Josie is 84 years old and has arrived at the demonstration in Paris against Emmanuel Macron's pension reform by walking with her canes from the nearest open metro stop.

On the journey on foot, about 40 minutes, she says that she recently celebrated her golden anniversary as a feminist.

"I have been a militant for 50 years.

I have not missed a single demonstration,

I went to those for abortion, those for progress in the 70s and 80s, and now I go to all those against Macron's reform," she says.

Today is

the second day of strike

against the unpopular reform of the president to delay the retirement age from the current 62 years to 64. 70% of French oppose it.

The Government has already made it clear that it is not going to give in.

In this pulse, the French believe that they can make the government back down with street protests and blockades.

"I come here out of solidarity with the new generations, so

as not to lose the achievements of the resistance

that my generation has achieved," explains this octogenarian protester, who worked for years as a secretary at the newspaper Le Monde.

"Macron raises taxes for middle-class citizens and lowers them for the rich.
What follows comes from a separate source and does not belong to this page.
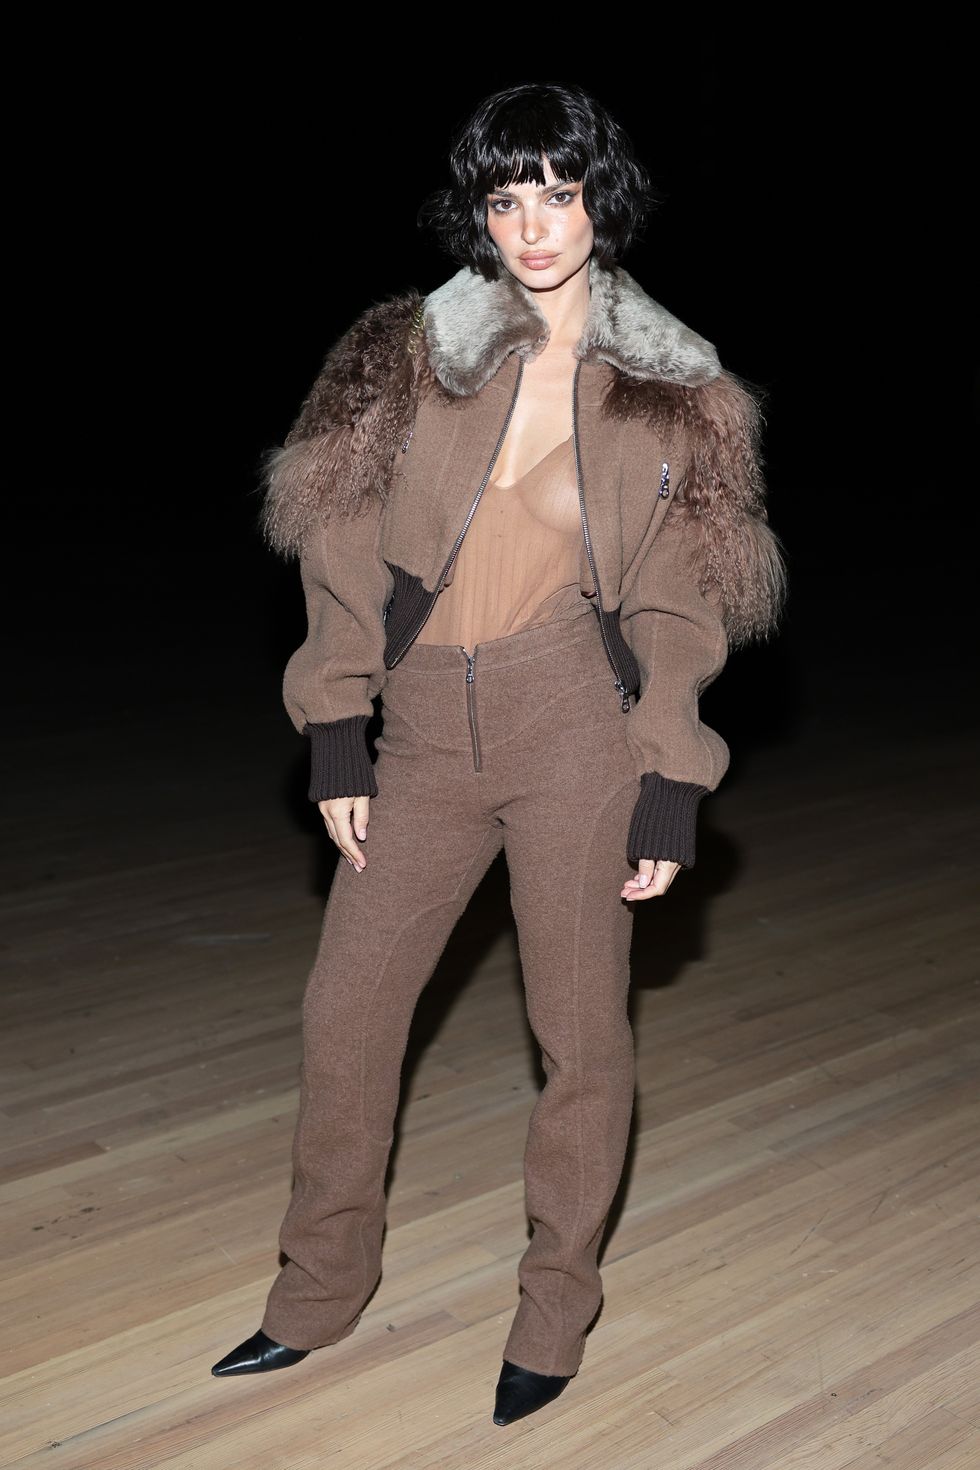 new york, new york february 02 emily ratajkowski attends the marc jacobs runway show 2023 at the park avenue armory on february 02, 2023 in new york city photo by dimitrios kambourisgetty images for marc jacobs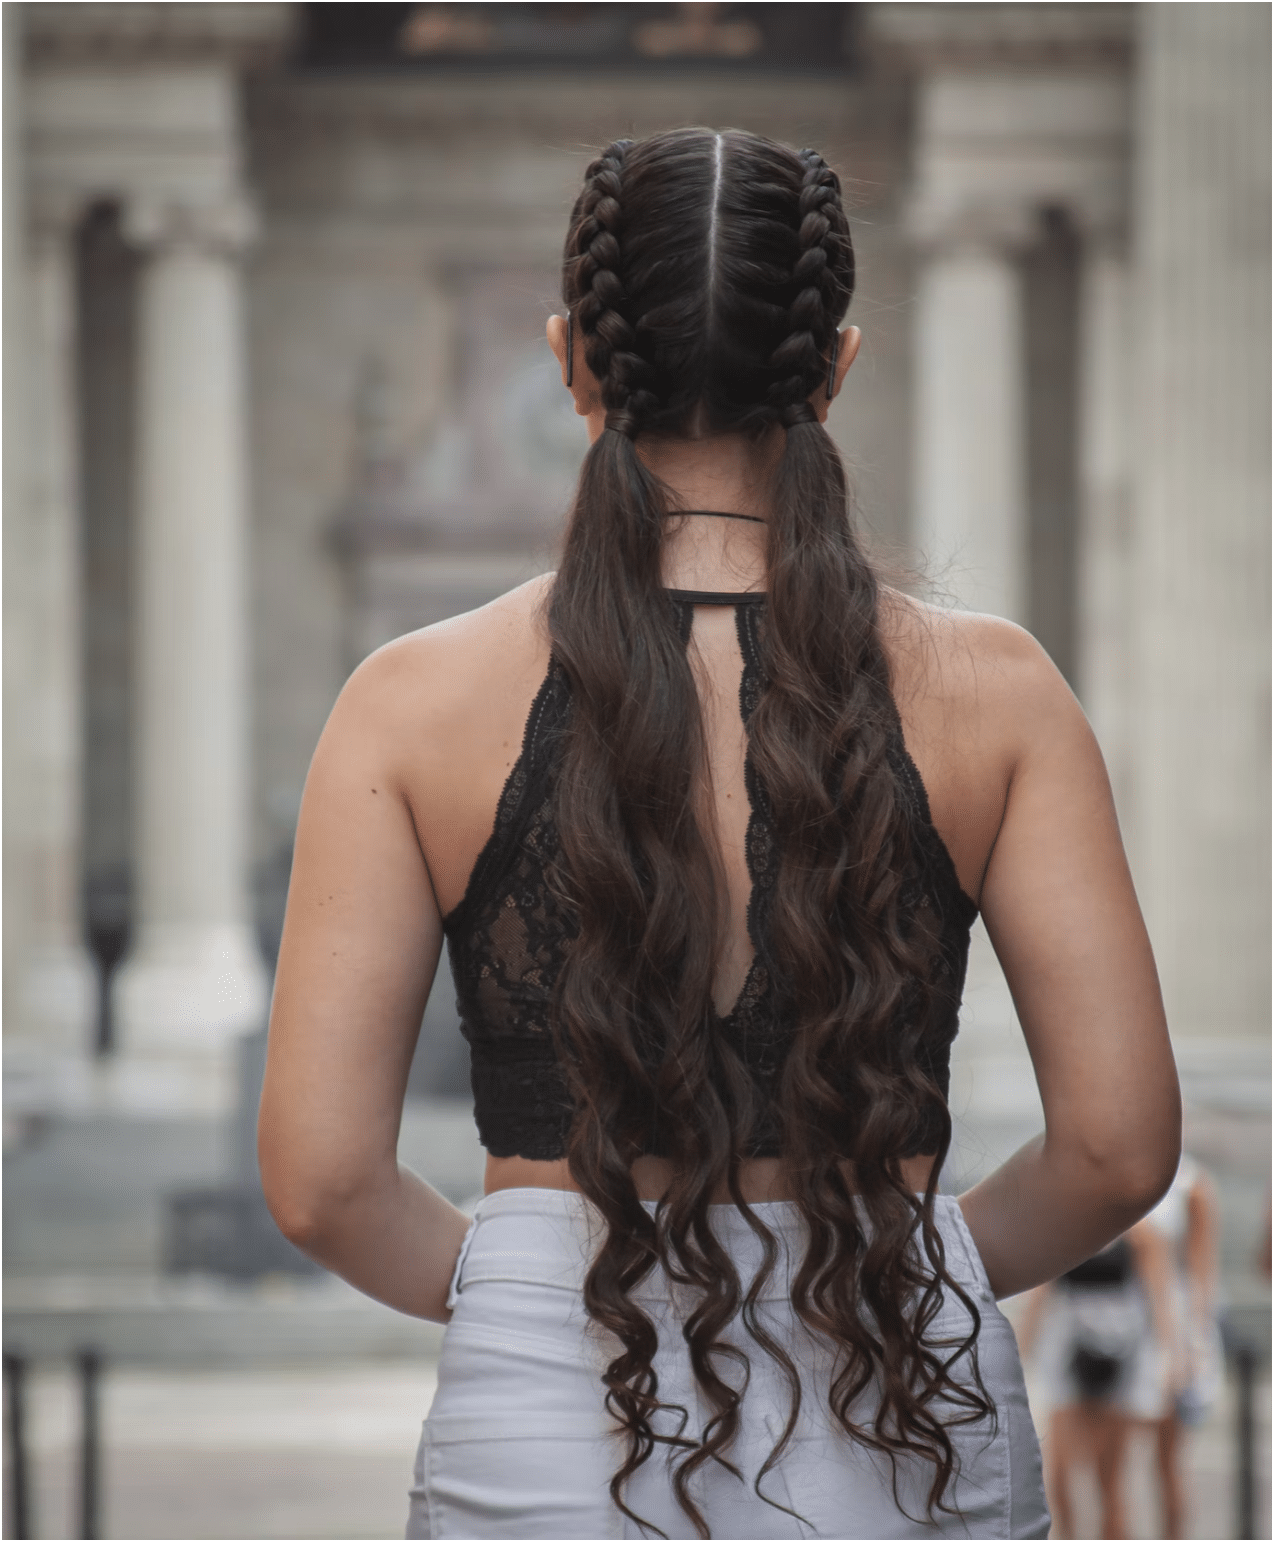 Is It a Sin to Braid Your Hair?

He says he is from the center, but he is from the right!", she protests.

Josie, feminist and anti-macronista, at the Paris R demonstration.


Today 's

demonstration in Paris started at two in the afternoon in the Plaza d'Italia

in the direction of Les Invalides, along the

Rive Gauche

, the left bank of the Seine.

According to the unions

there are half a million demonstrators,

a figure higher than that of January 19, the first day of the strike.

So, in the more than 150 protests that took place in the different cities of France there were 1.2 million protesters.

In Paris there have been some incidents, the police have had to charge against the demonstrators and

there are 18 detainees


The unions wanted today to improve the numbers of participants to put pressure on the Government and try to get it to retouch its reform.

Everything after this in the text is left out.